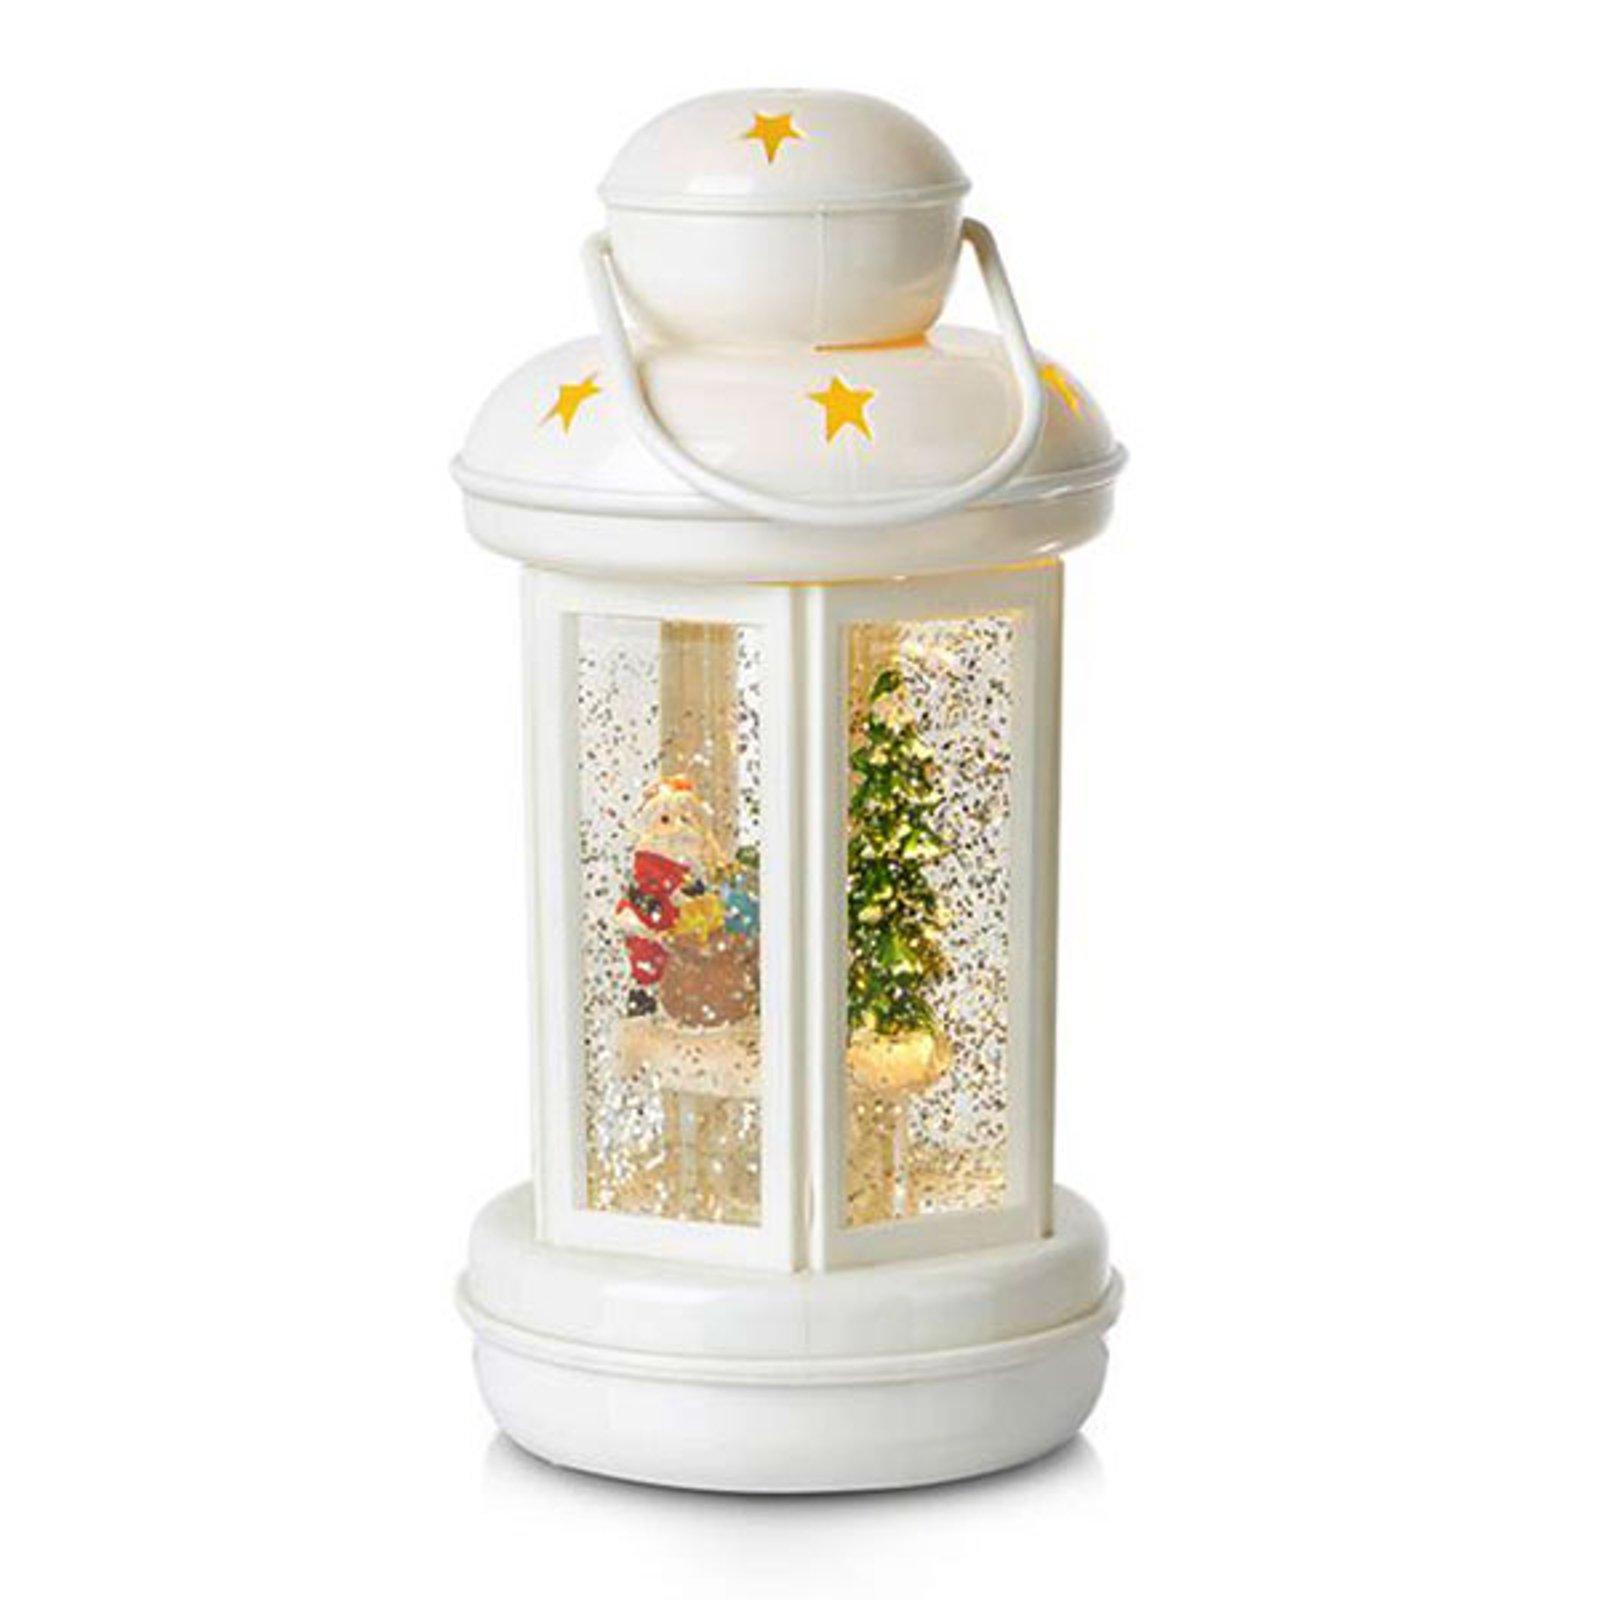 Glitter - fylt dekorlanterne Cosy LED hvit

^^^^^^^^^^^^^^^^

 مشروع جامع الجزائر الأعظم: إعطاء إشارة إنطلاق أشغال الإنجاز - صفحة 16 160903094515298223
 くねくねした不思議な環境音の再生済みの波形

^^^^^^^^^^^^^^^^

The problem:
From the records above, print only the lines between the one holding "مشروع جامع الجزائر" and the one holding "くねくねした不思議な環境音の再生済みの波形", inclusive, exactly as they stand.

Written solution:
 مشروع جامع الجزائر الأعظم: إعطاء إشارة إنطلاق أشغال الإنجاز - صفحة 16 160903094515298223
 くねくねした不思議な環境音の再生済みの波形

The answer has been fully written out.